Galectin‐1 Is Implicated in the Protein Kinase C ε/Vimentin‐Controlled Trafficking of Integrin‐β1 in Glioblastoma Cells

Cell motility and resistance to apoptosis characterize glioblastoma (GBM) growth and malignancy. In our current work we report that galectin‐1, a homodimeric adhesion molecule and carbohydrate‐binding protein with affinity for β‐galactosides, is linked with cell surface expression of integrin β1 and the process of integrin trafficking. Using immunofluorescence, depletion of galectin‐1 through both stable knockdown and transient‐targeted small interfering RNA (siRNA) treatment induces an intracellular accumulation of integrin‐β1 coincident with a diminution of integrin‐β1 at points of cellular adhesion at the cell membrane.
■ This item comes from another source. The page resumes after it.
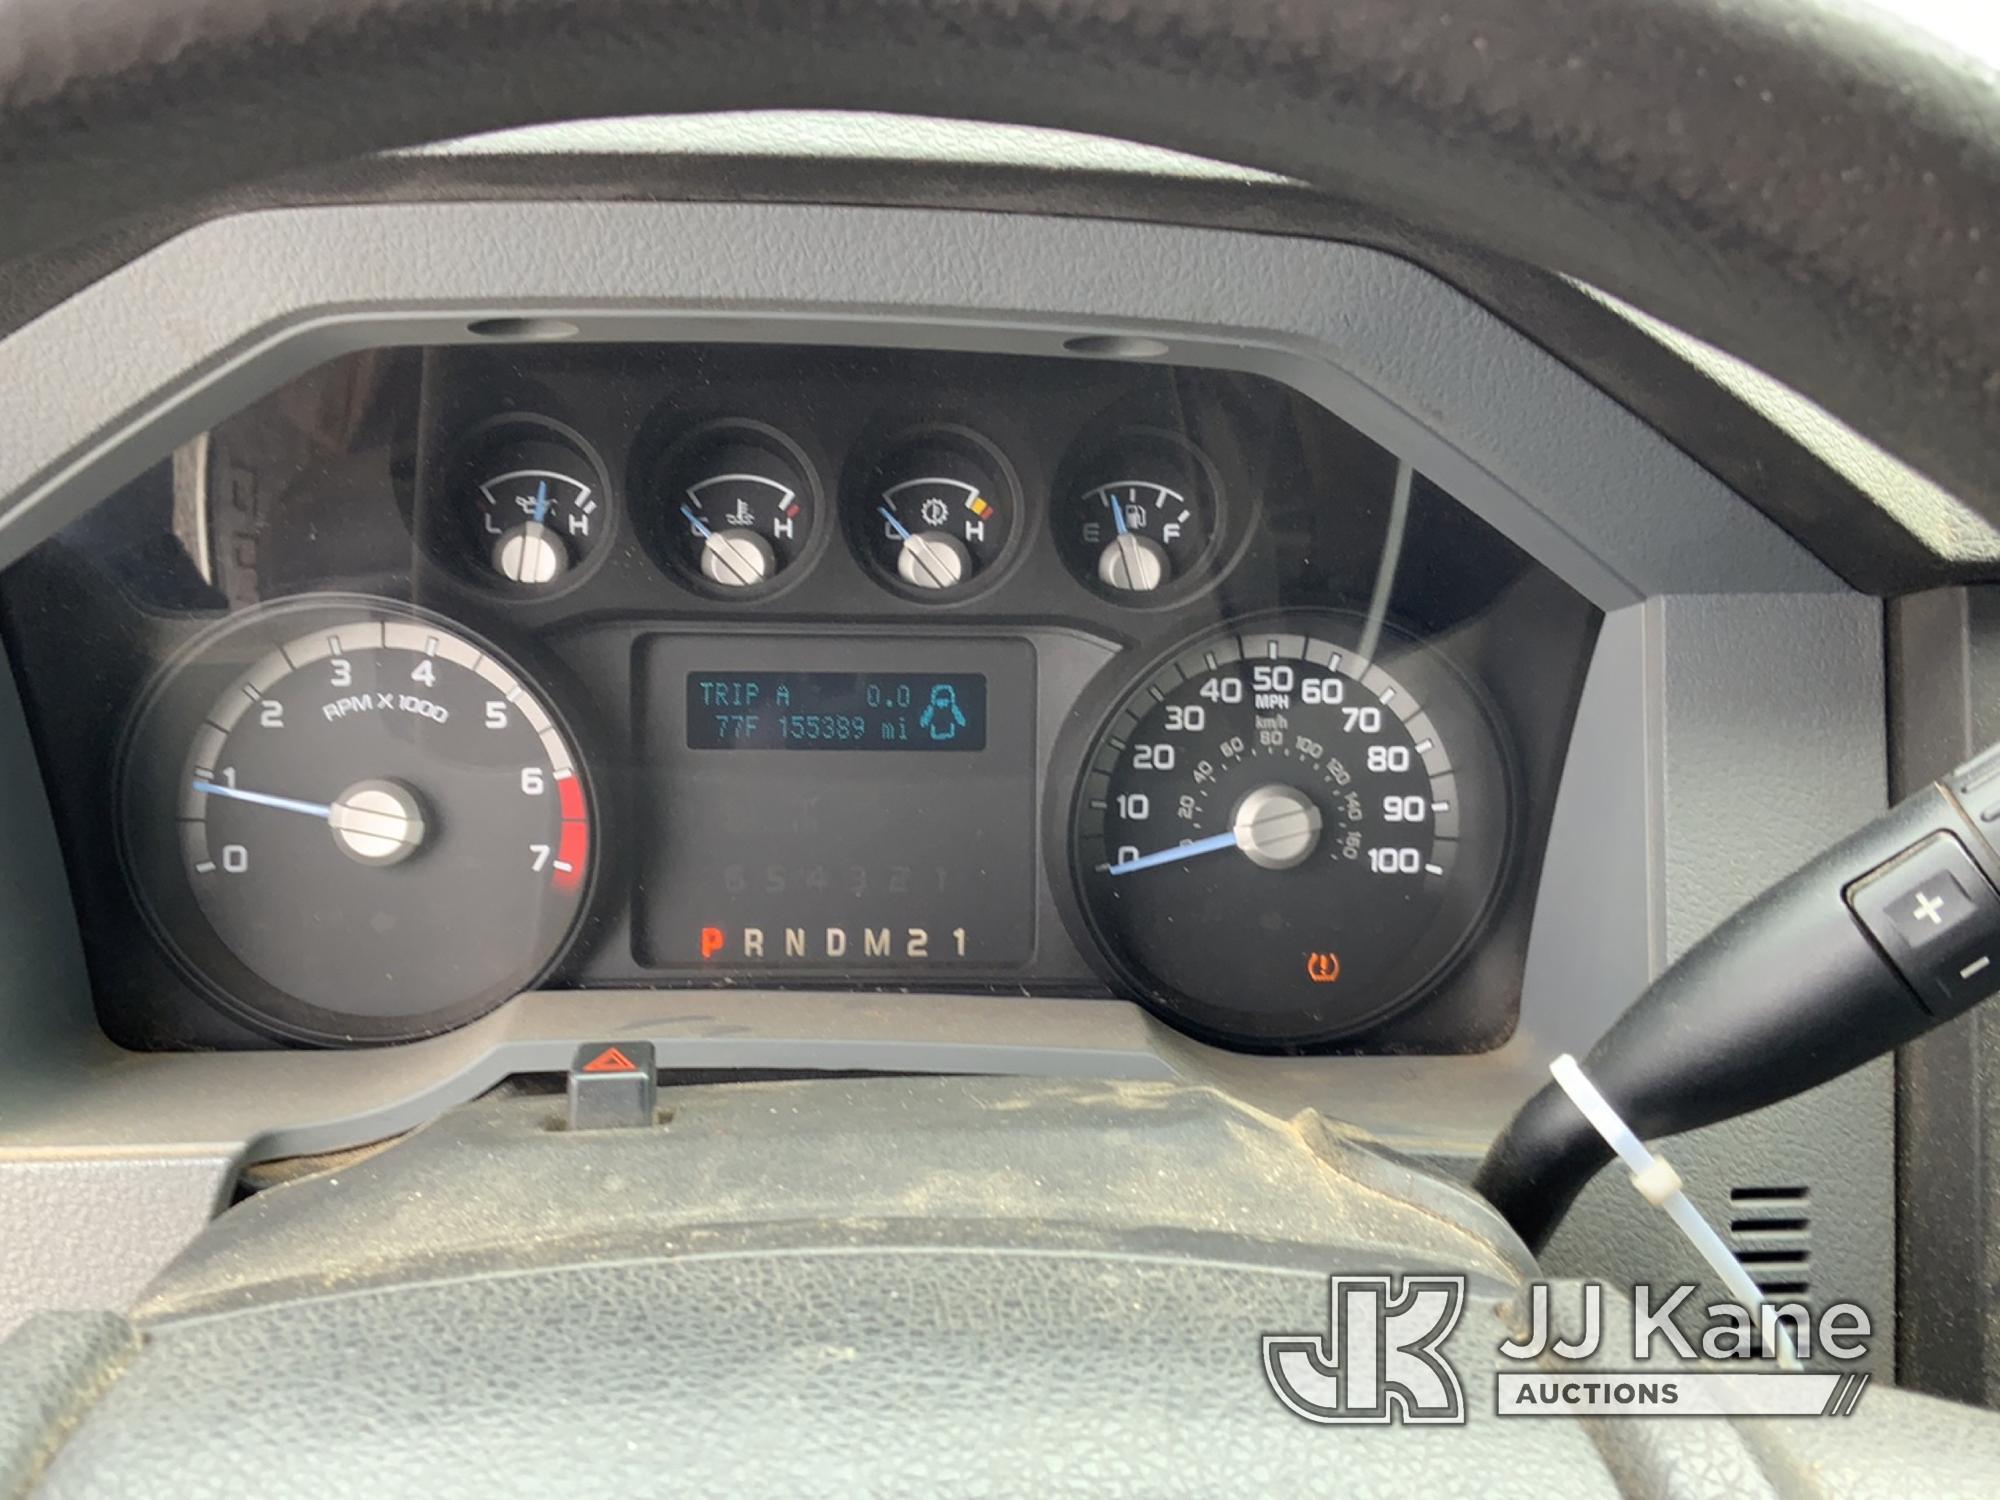 (Shelby, NC) 2016 Ford F250 4x4 Crew-Cab Pickup Truck Jump to Start, Runs, Moves) (Tire Pressure Lig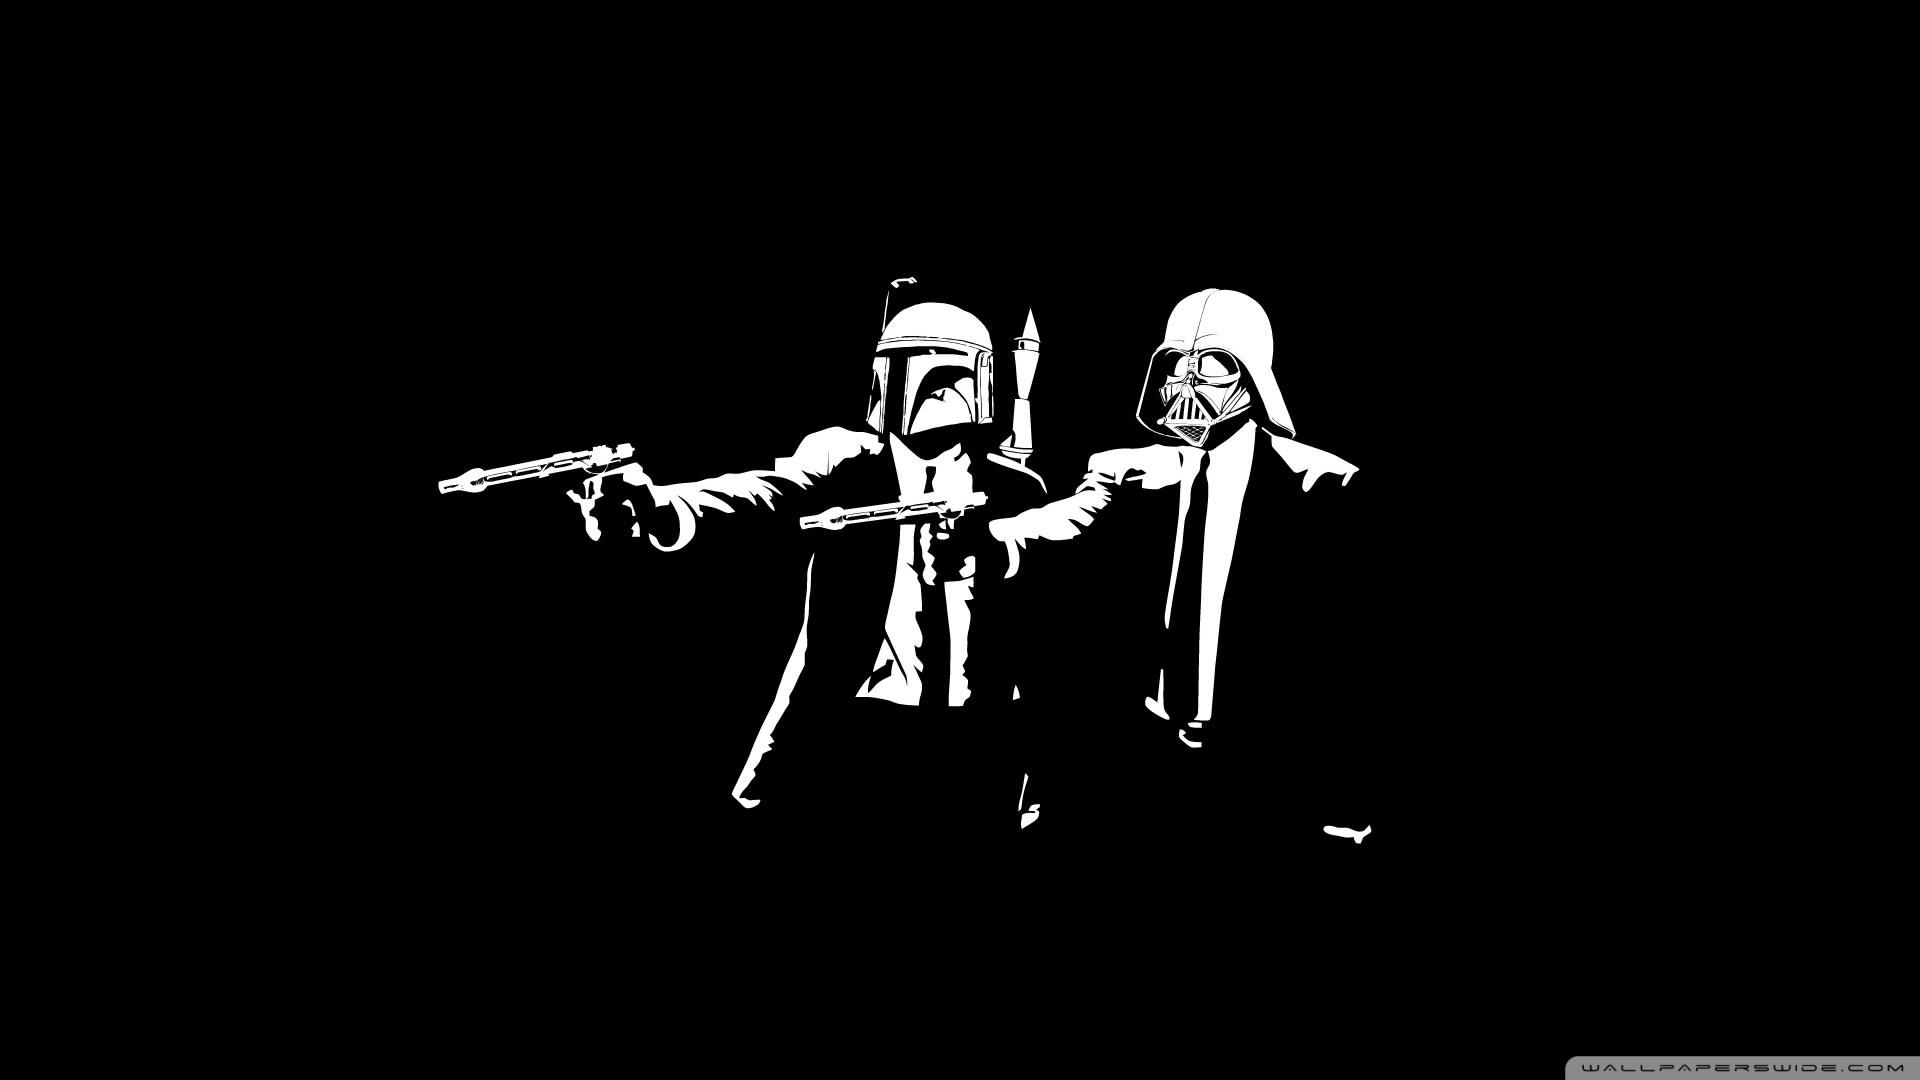 Stunning Star Wars Pulp Fiction Wallpaper image For Free

Galectin‐1 depletion does not alter the gene expression level of integrin‐β1. Transient galectin‐1 depletion effectuates as well the perinuclear accumulation of protein kinase C epsilon (PKCε) and the intermediate filament vimentin, both of which have been shown to mediate integrin recycling in motile cells. Our results argue for the involvement of galectin‐1 in the PKCε/vimentin‐controlled trafficking of integrin‐β1. The understanding of molecular mediators such as galectin‐1 and the pathways through which they drive the cell invasion so descriptive of GBM is anticipated to reveal potential therapeutic targets that promote glioma malignancy.